Conventional banking and project
efficacy: In order to determine the project efficacy of the
conventional banking system, it is necessary to identify how close the
relationship the bank has with the entrepreneur to whom the loan was
made. In addition, it is important to determine what type of
monitoring the bank does of the ongoing project throughout the term of the
loan. There are four critical activities in which the financial
institution can engage in order to assure that a project has the best
opportunity for success: (a) the bank needs to perform a careful analysis
of the proposed project prior to making the loan; (b) the contract should
be written very clearly including all the details of the proposed project
and the terms and requirements of the loan; (c) the bank should verify the
status of the project with each advance, to ensure that the proceeds of
the loan are being used for the purpose intended and not being
misappropriated; and (d) the bank should monitor the performance of the
business to ensure their ability to properly service the indebtedness.

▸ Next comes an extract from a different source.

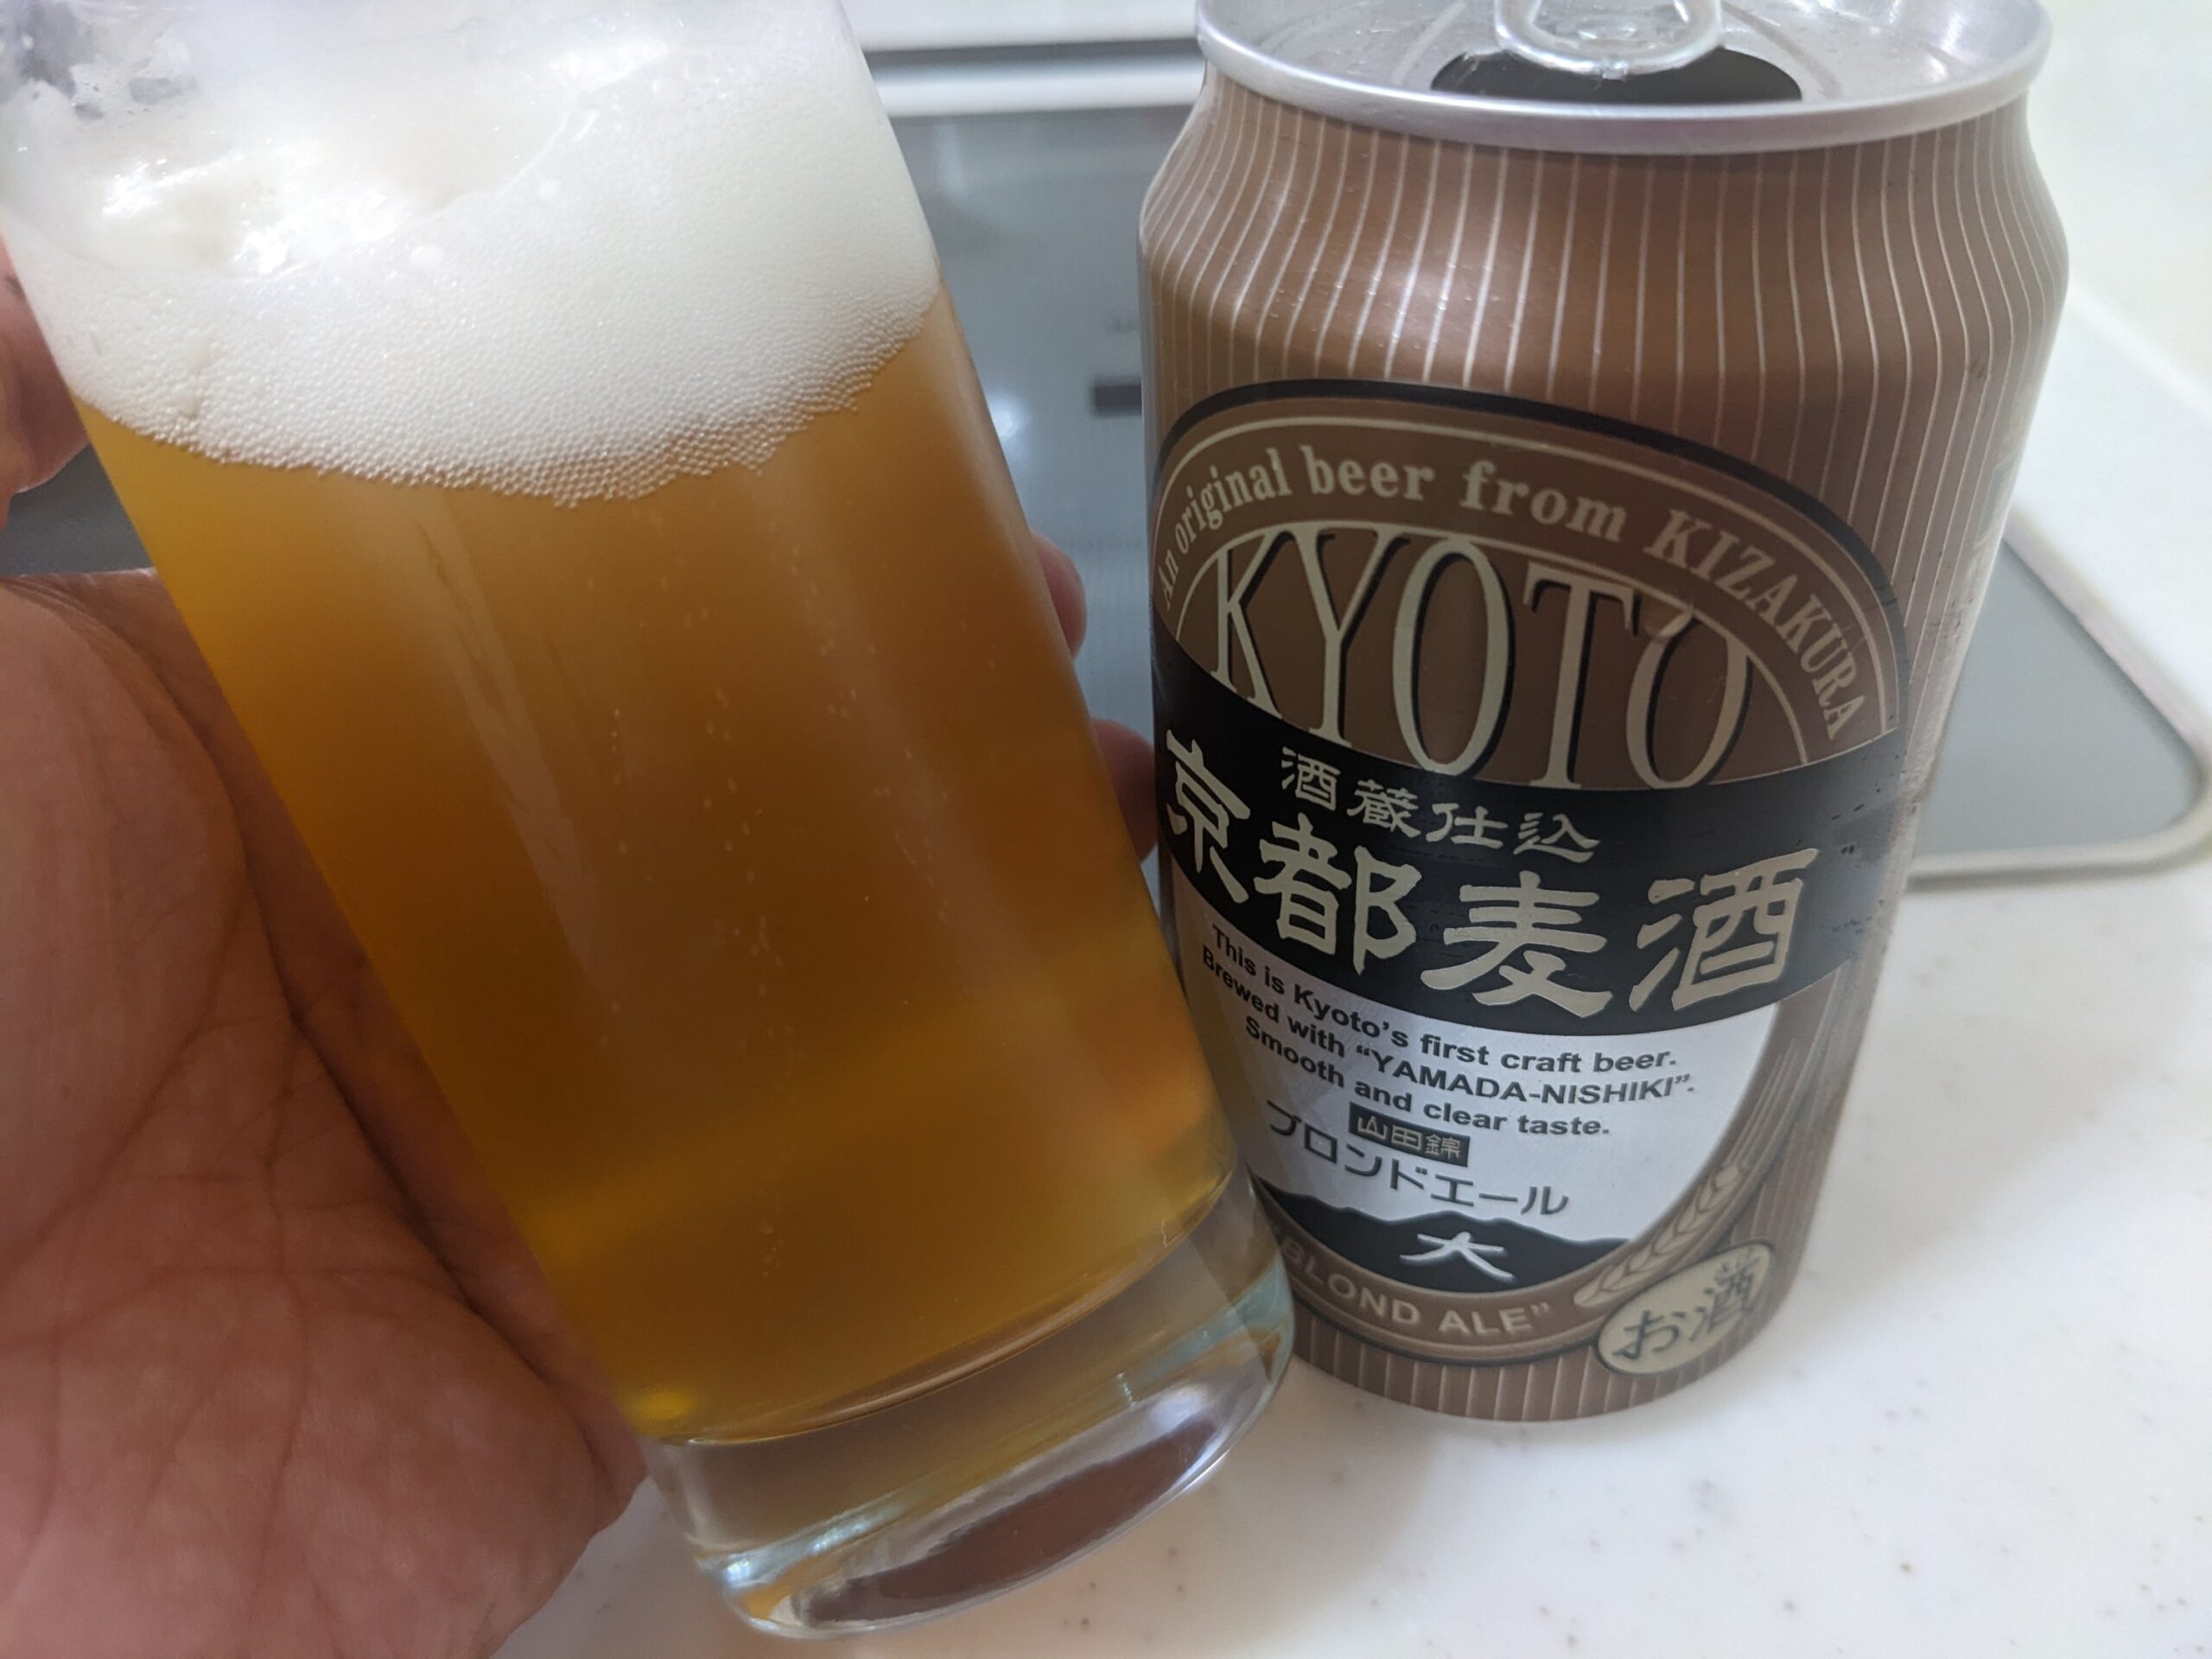 「京都麦酒ブロンドエール」が入ったグラスを傾けているところ
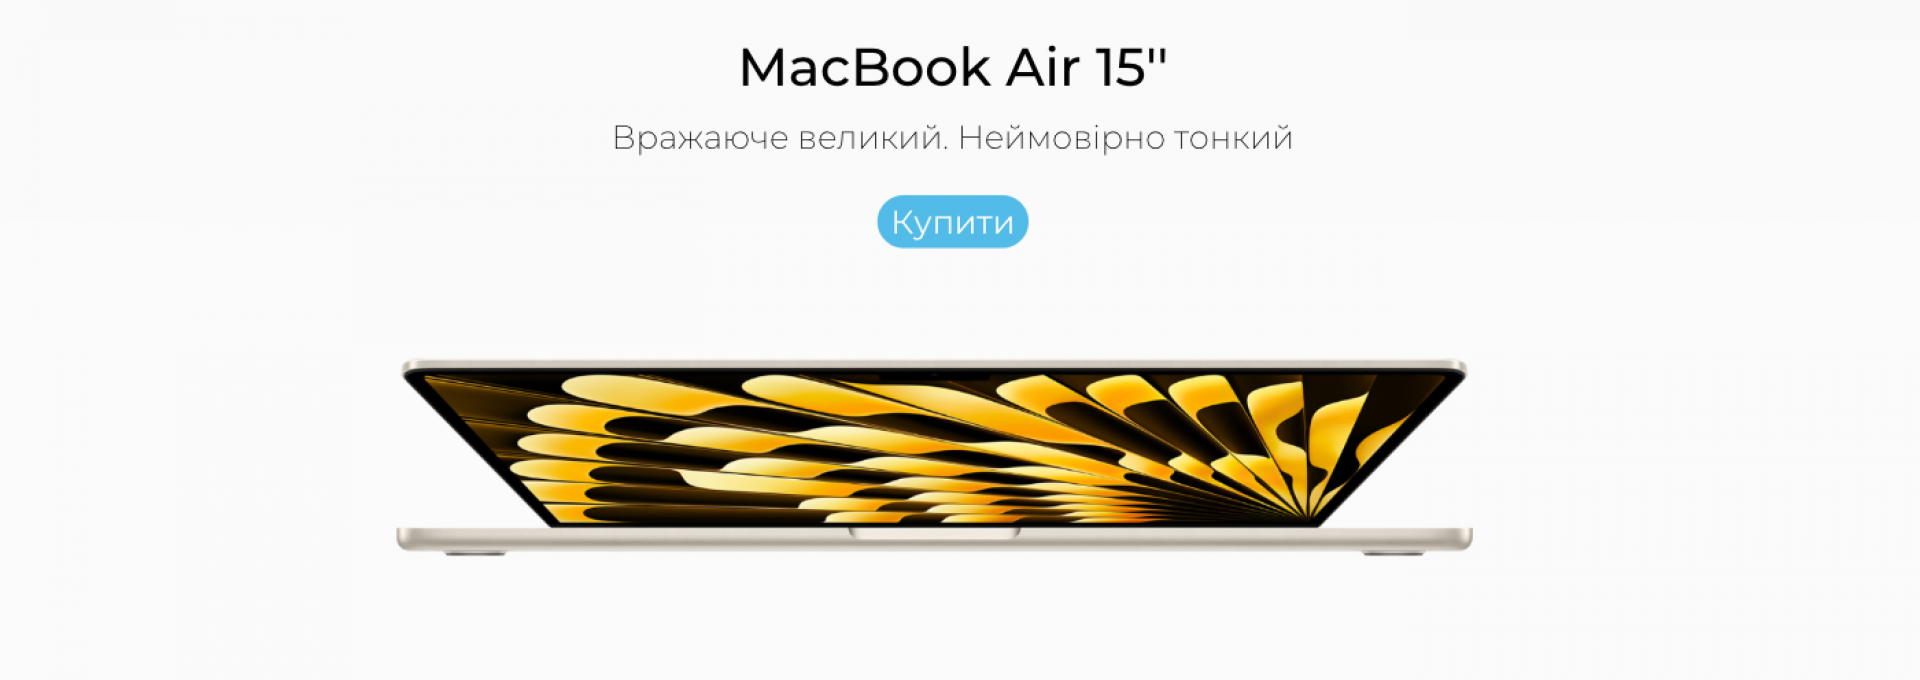 MacBook air 15

In general, the conventional banking
system does engage in these four activities. Hoever, some doubt
exists as to how stringently they pursue these activities, as the
profitability of the bank is not tied directly to the profitability of the
individual project. It is argued relies too much upon collateral for safe
return of the principal and interest. Thus, it is neither committed to nor
serious in the effective operation of the projects that the bank
finances.
Islamic banking and the project
efficacy: The Islamic banking system, by its very nature, is a
partner in the projects that it finances. The bank's income under Islamic
banking has a direct functional relationship with the profit generated
from the project. In other words, bank's profit increases or decreases
with the rise or fall in returns from the projects that it finances.
Thus the Islamic banking system is very much concerned about the
performance of the project for which it provides financing. The concern is
exemplified in the following activities: (a) the bank carefully considers
every loan request and assesses the profitability of the each proposed
projects; (b) the bank keeps a careful eye on the installation phase of
the projects; and (c) the bank continues to oversee the project as long as
it is a partner to the project. These activities ensure effective
implementation of the projects and ultimately a better chance for success.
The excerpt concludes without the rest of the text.